# Нестабильность шейных позвонков



## Владимир О (7 Фев 2007)

Здравствуйте! У моей жены с начала января  появилось состояние головокружения. Обратилась к неврологу были назначины лекарства мексидол, бетасерк, танакан. 

Сделала ренген шейного отдела позвоночника, остеохондроз 2 степени с нарушением систалической и динамической функцией, артроз сустава Креовелье, спондилоартроз. 

Прошёл месяц, головокружение стало меньше, но всё равно есть. В анамнезе микропролактинома. Сейчас доктор назначила капельницы кавинтон, пирацетам, никотиновая кислота. Бывает низкое давление 105-80. 

Может ли из-за капельниц ещё больше снизится давление? Какие процедуры можно проводить при нестабильности шейных позвонков? (мануальная терапия, массаж, иглорефлексотерапия)


----------



## Зануда999 (7 Мар 2007)

Знакомая ситуация, что на счет того, что назначили от головокружений, так пирацетам нифига не помагает, он только усиливает кровоснабжение мозга, но с головокружениями не помогает, мне помог трентал, очень хороший препарат, сразу чувствуешь с него эффект, а никотиновая кислота вообще ерунда, мне она не помогала вообще никак.


----------



## Helen (8 Мар 2007)

Владимир О написал(а):


> Здравствуйте! У моей жены с начала января  появилось состояние головокружения. Обратилась к неврологу были назначины лекарства мексидол, бетасерк, танакан.
> 
> Сделала ренген шейного отдела позвоночника, остеохондроз 2 степени с нарушением систалической и динамической функцией, артроз сустава Креовелье, спондилоартроз.



А какой возраст у Вашей жены? Проводилось ли еще какое-либо исследование обследование (сосудов шеи)?

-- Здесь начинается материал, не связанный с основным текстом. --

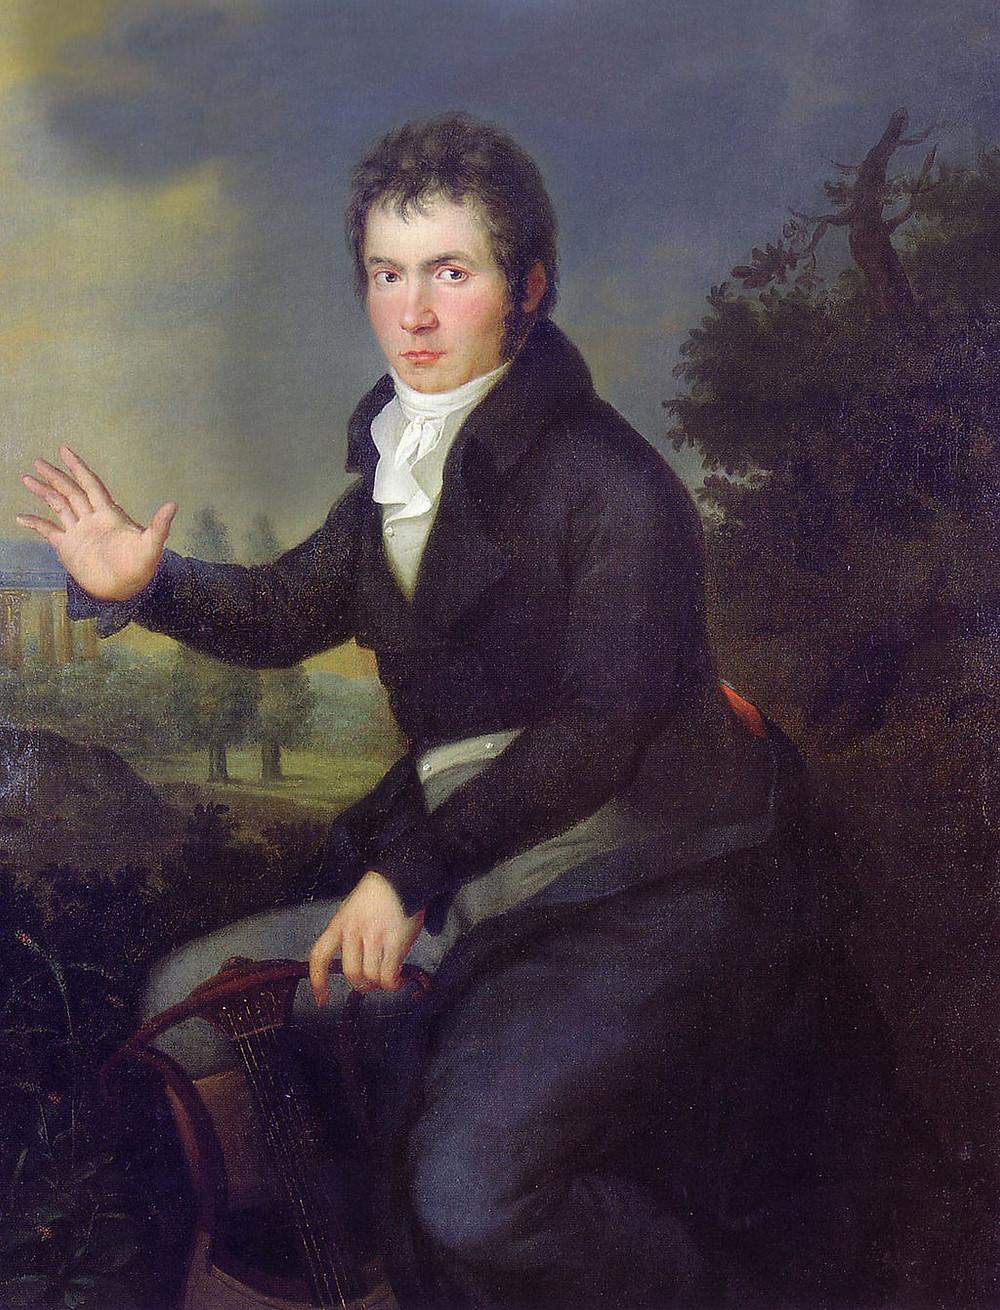 Joseph Willibrord Mähler's Beethoven Portrait 1804/05
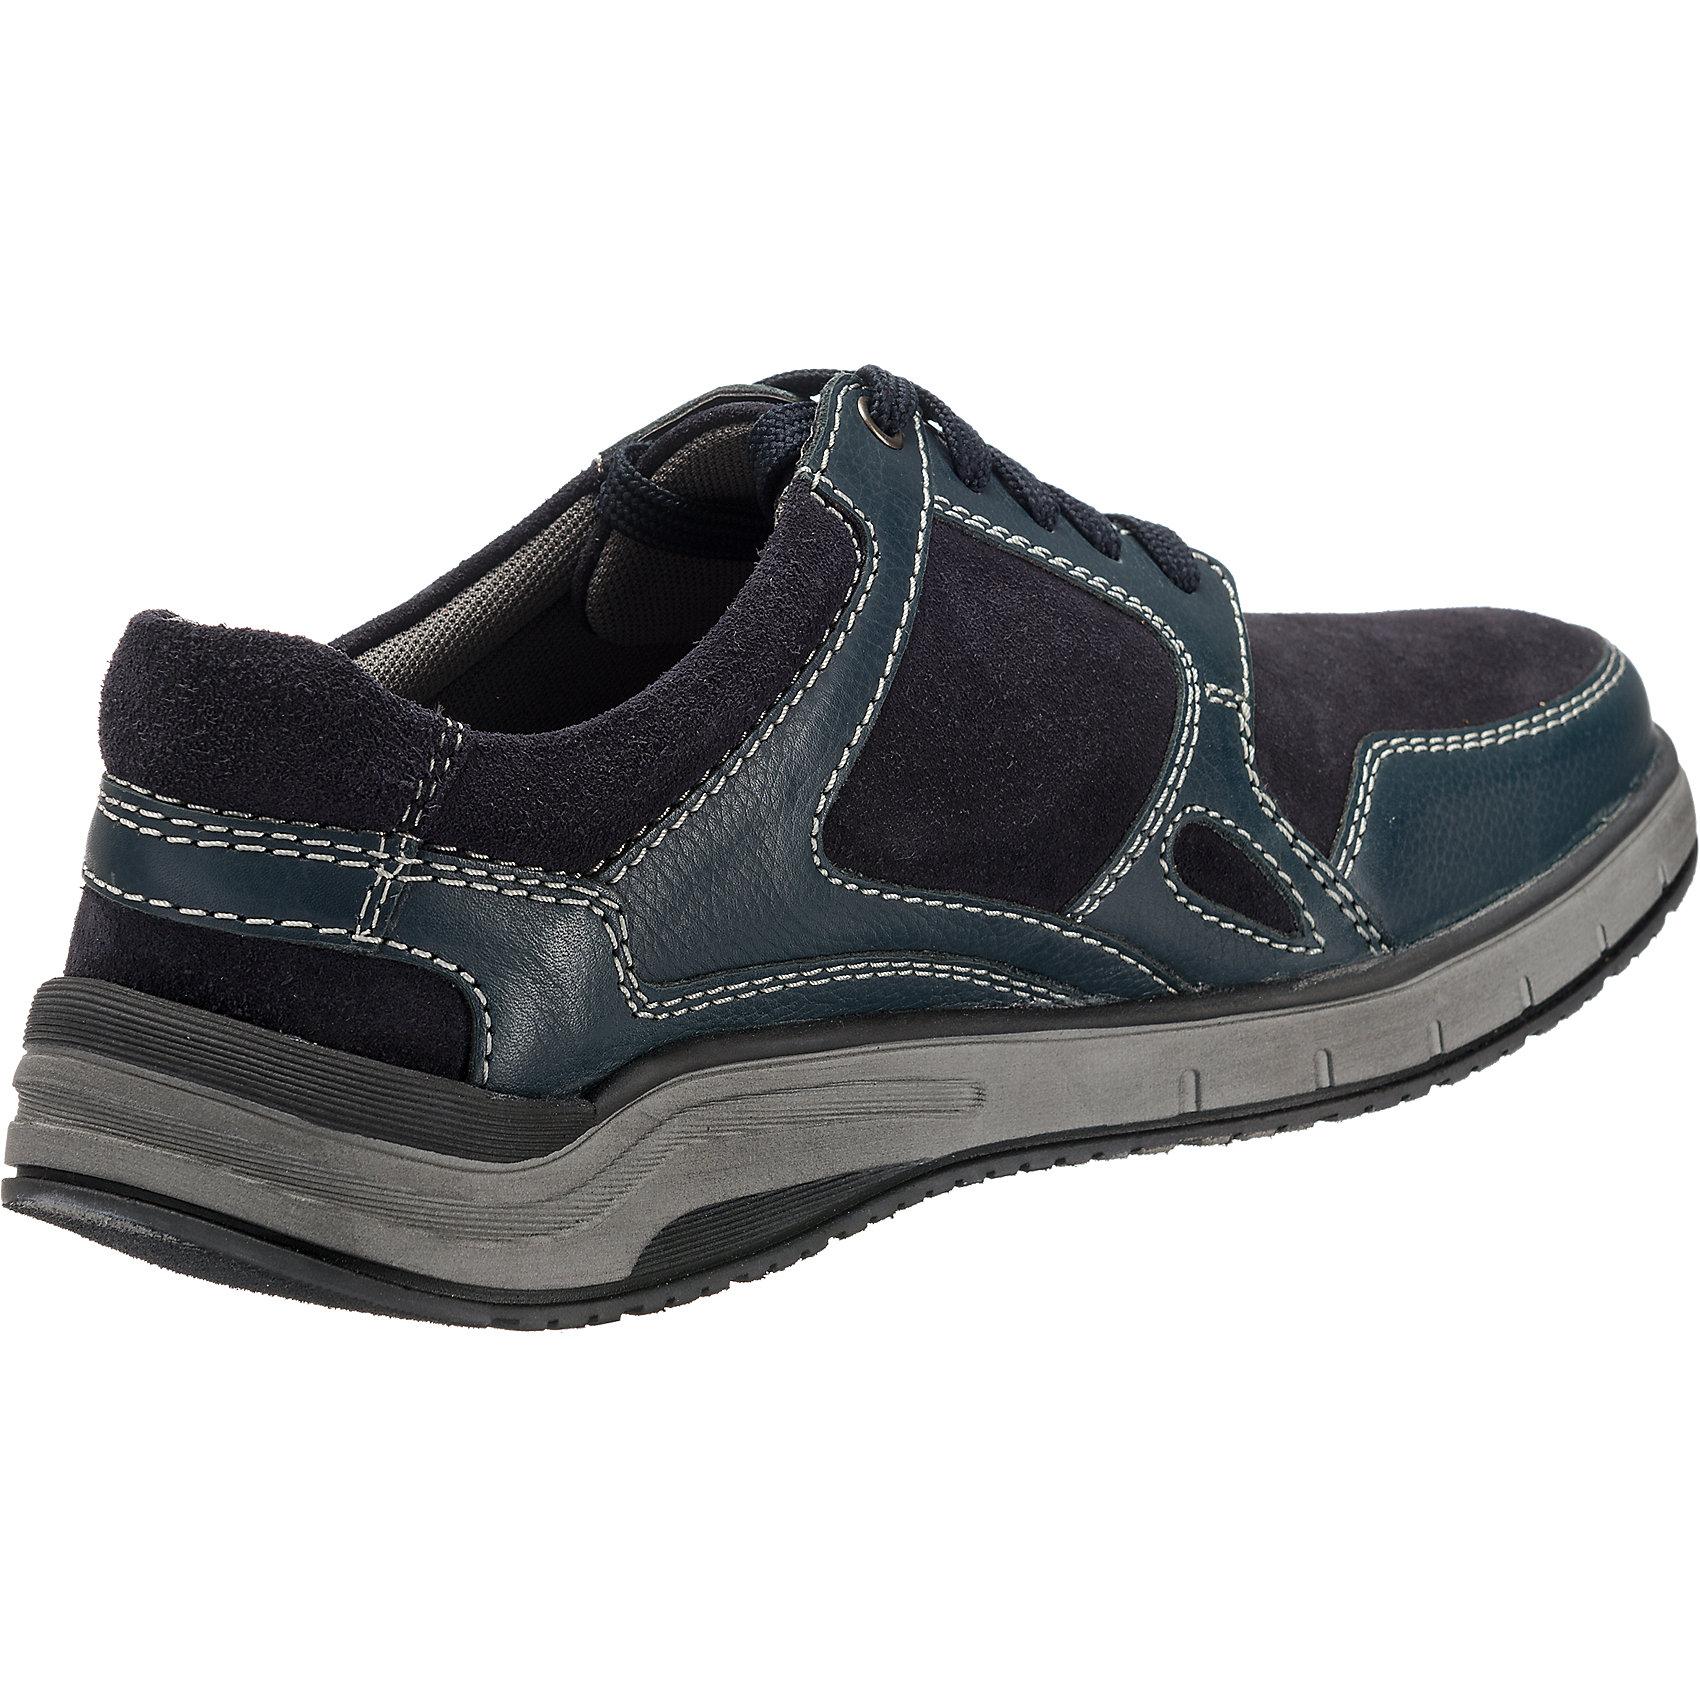 Neu ROHDE dunkelblau Fabriano Freizeit Schuhe braun dunkelblau ROHDE 5761459 a7ac57

Клинический анализ крови (гемоглобин какой)? Повышение давления тоже бывают?

Добавлено через 2 минуты 


Владимир О написал(а):


> В анамнезе микропролактинома. Сейчас доктор назначила капельницы кавинтон, пирацетам, никотиновая кислота. Бывает низкое давление 105-80.
> 
> Может ли из-за капельниц ещё больше снизится давление? Какие процедуры можно проводить при нестабильности шейных позвонков? (мануальная терапия, массаж, иглорефлексотерапия)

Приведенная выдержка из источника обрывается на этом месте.